Love it. You make really good points.

“the drownings recently have all occurred after turn backs.”

To me as you pointed out I think this is due more to a lack of data than a lack of occurrence. It just doesn’t make sense how they could come all the way from Sudan then Indonesia and not drown, but on the way back a lot of them do. Ultimately it’s a dangerous trek both ways and shouldn’t be encouraged either way.

“I guess my other concern is that there really aren’t many — if any — safe places to return these asylum seekers to.”

And this is where I hope we can find more agreement. I think this is where Australia should be putting more of its resources into. To me I find it an interesting dichotomy here in America where the left will often argue for open-borders and then critique U.S. foreign intervention. In other words, the strategy seems to be… we won’t help you fix your problems but we welcome you to bring them here.

The world is far too interconnected. We can’t simply hide behind our oceans. We must go out first with an open-hand, and then if needed a closed fist, to bring peace and prosperity to the world. We must proceed cautiously. I don’t for example want to remake the world in the western image (I believe strongly in preserving traditional cultures), but I think there needs to be a floor that is set for what the world considers morally acceptable behavior. Moral relativism has its limits. Throughout the world murder, rape, pedophile, terrorism should be banned.

“Honestly, this is where emotion begins to trump it for me — I figure if they’re already here, just accommodate them.”

I feel you man. I too wish to create a better world.

Sometimes we let the story of a tragic few dictate our policy at the expense of the masses.

For example, in the United States it is in fact our relatively open southern border that has allowed the drug cartels to get so much money because of the financial power of the American consumer. These cartels then have so much more money then their own governments that they can then corrupt the corruptible and kill the uncompromising thereby creating a perpetual cycle of people fleeing from the poverty and violence and then American democrats welcome these refugees with open arms trying to claim the moral high ground as they become undocumented workers having to spend their lives working in harsh living conditions, in crowded houses, with below minimum wage pay, often far away from their family.

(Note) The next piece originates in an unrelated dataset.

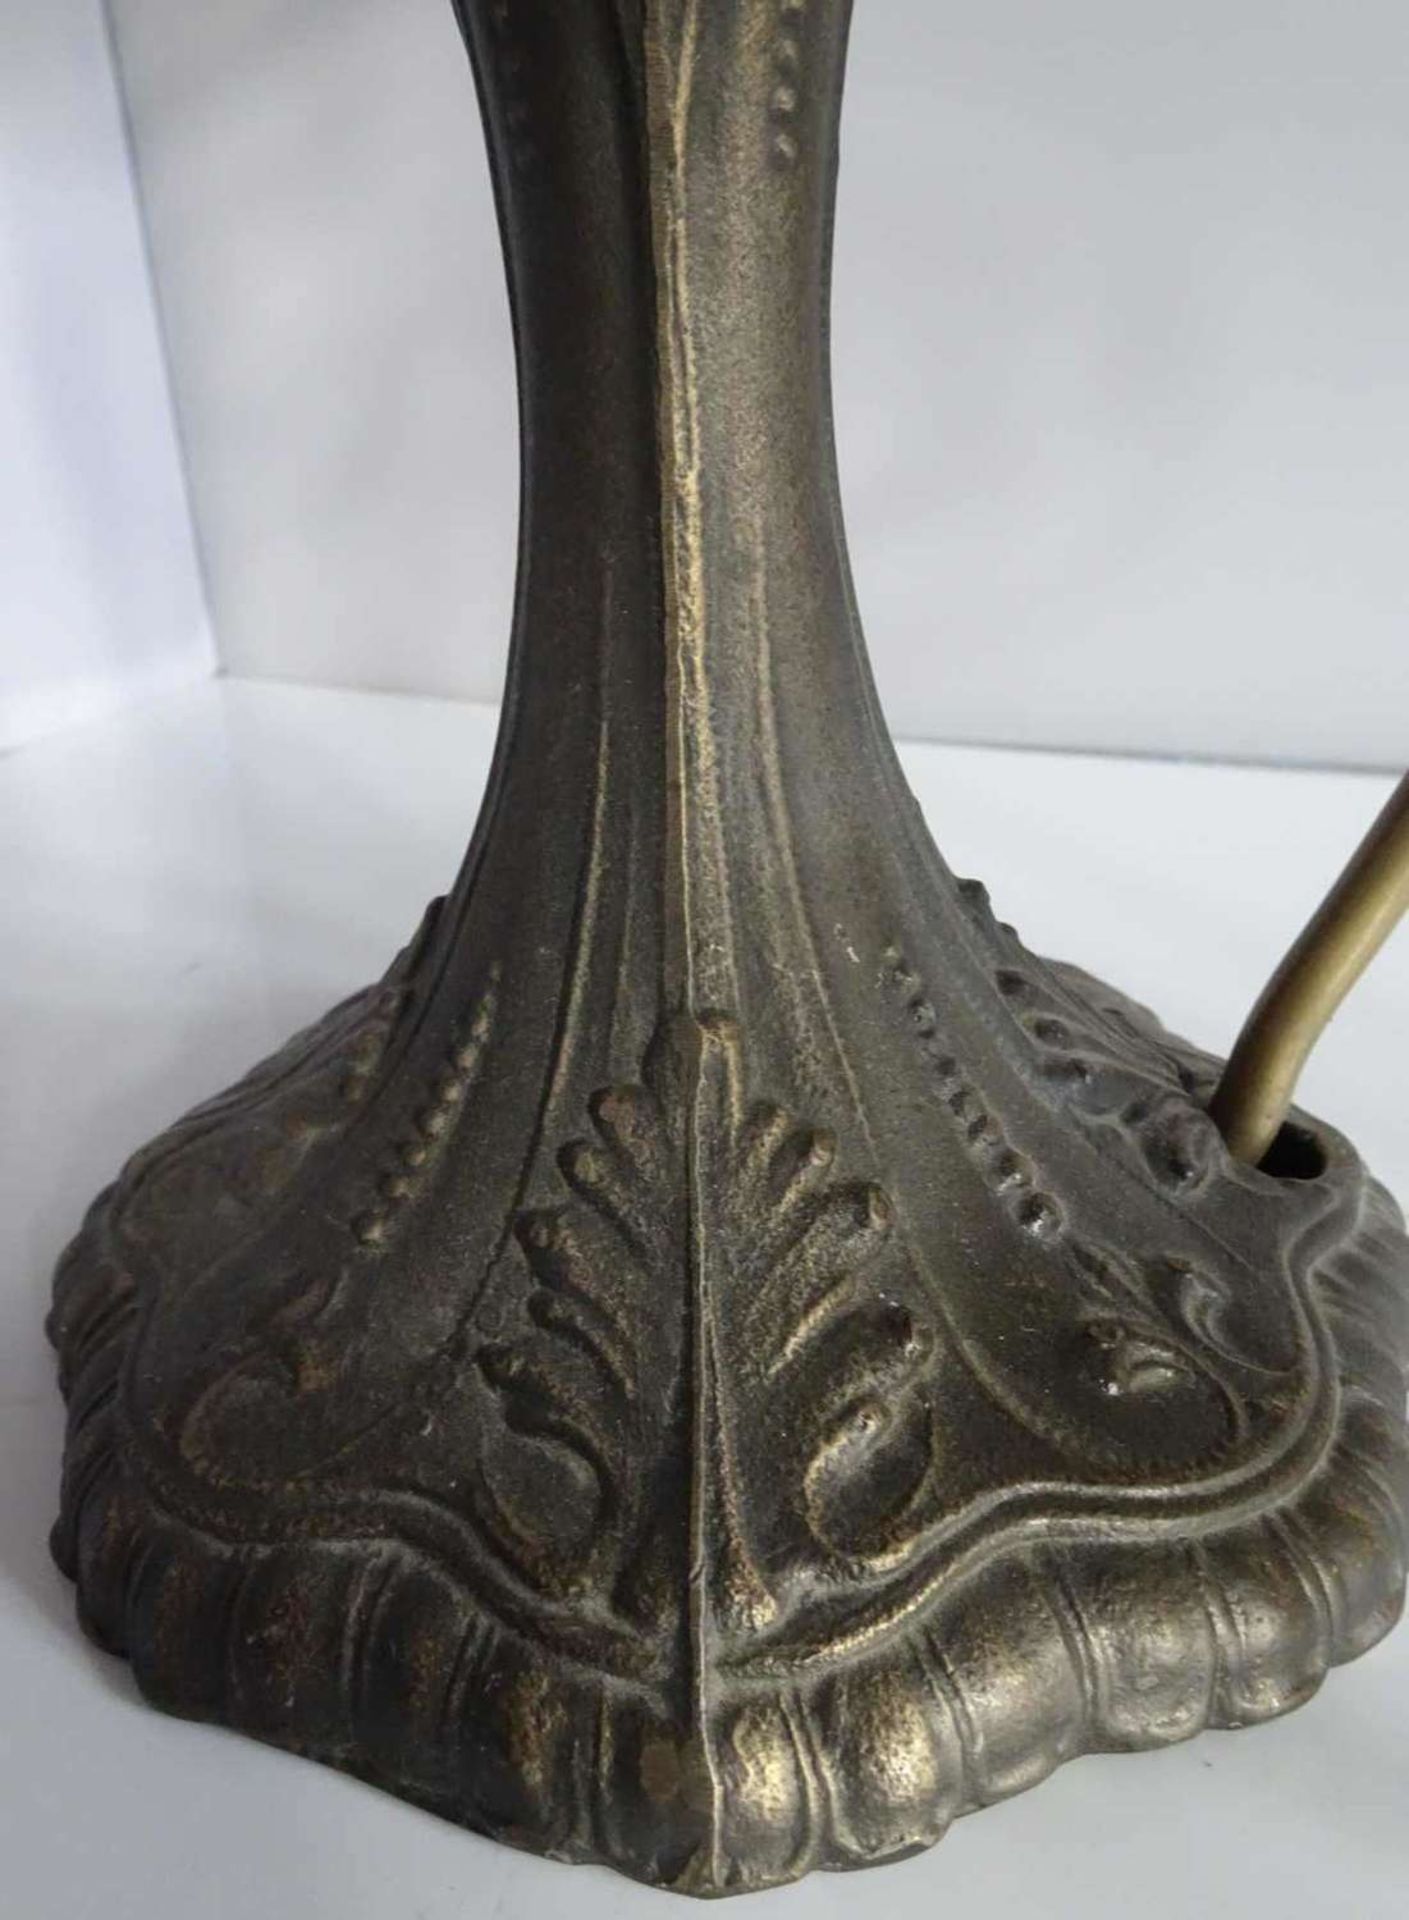 1 Tischlampe im Tiffany Stil. Höhe ca. 42 cm 1 Tiffany style table lamp. Height approx. 42 cm - Bild 3 aus 3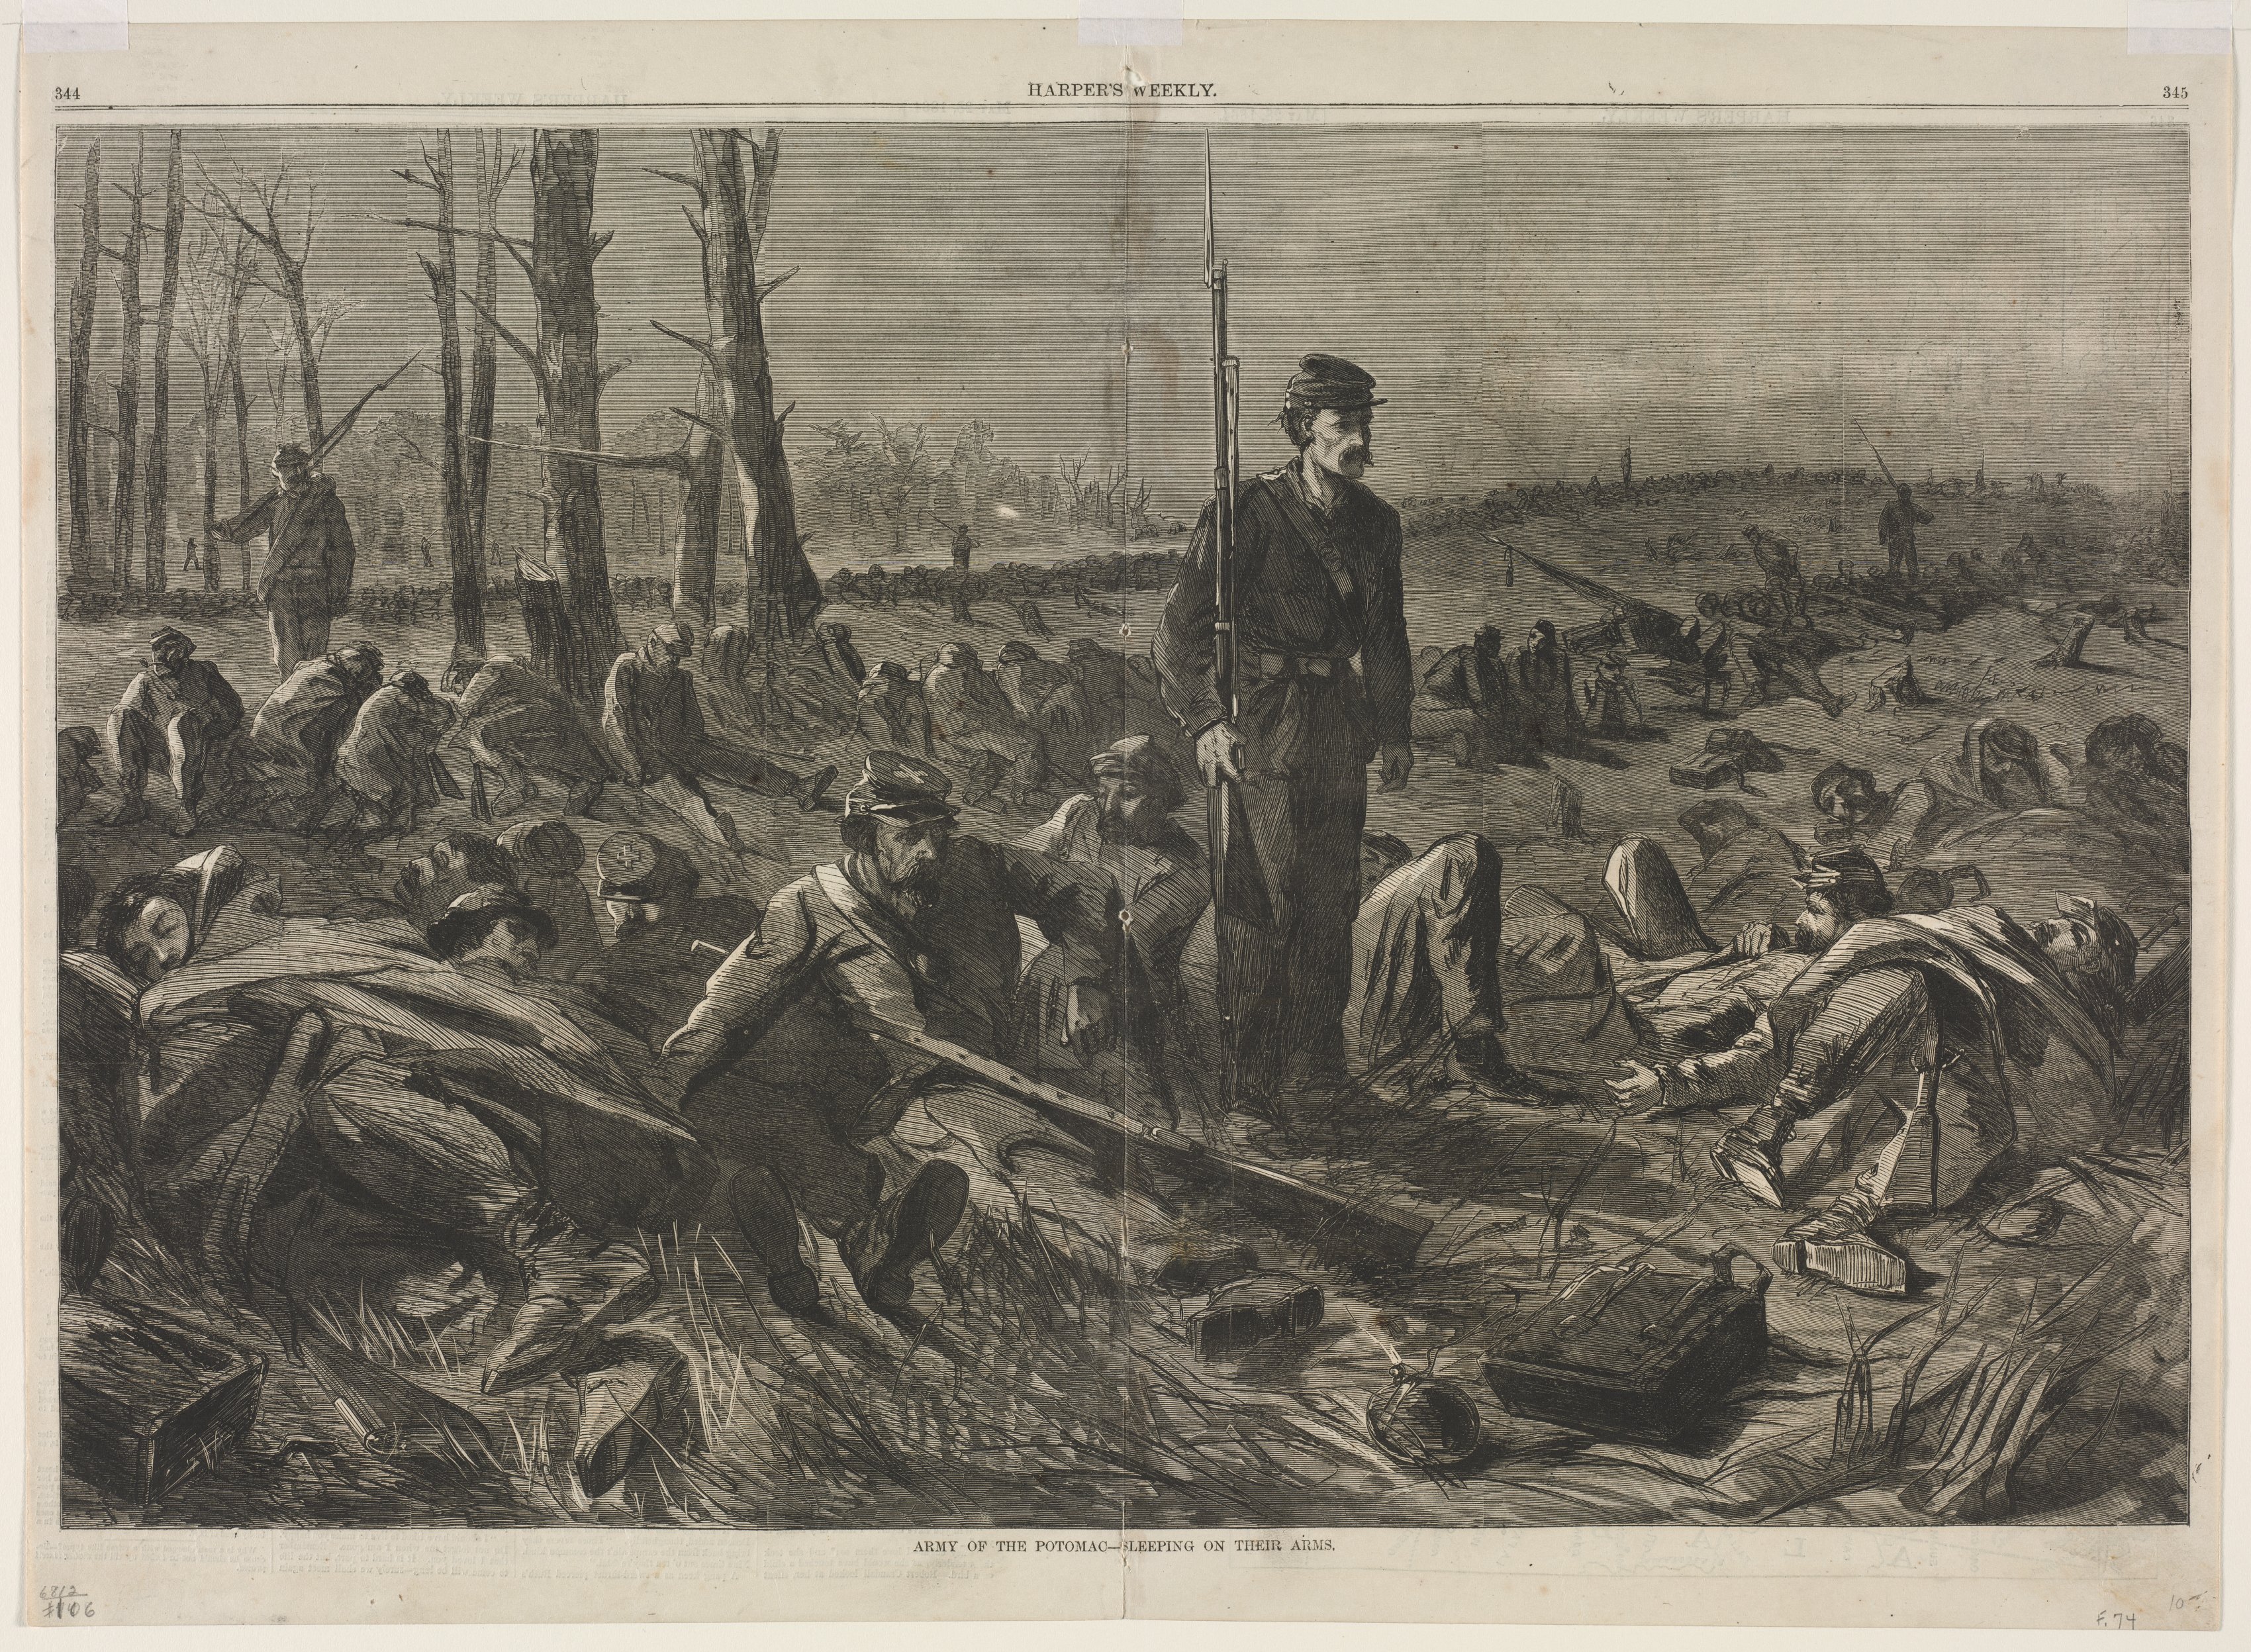 Army of othe Potomac - Sleeping on Their Arms

In the case of Australia I don’t think you guys have a role in the instability of those regions you mentioned so I digressed there a bit, but I do sense those who argue most passionately for refugees tend to argue against interventionism/preventionism. Why not put more money into building better camps/facilities/asylums in the refugee home countries? It would actually save Australia money rather than trying to integrate them all into Australian society, often against their will because many of them didn’t come to Australia to be integrated. And it would save far more lives by working to fix the root problem of instability by creating a spot of stability close to home for these refugees to look to as an example of hope.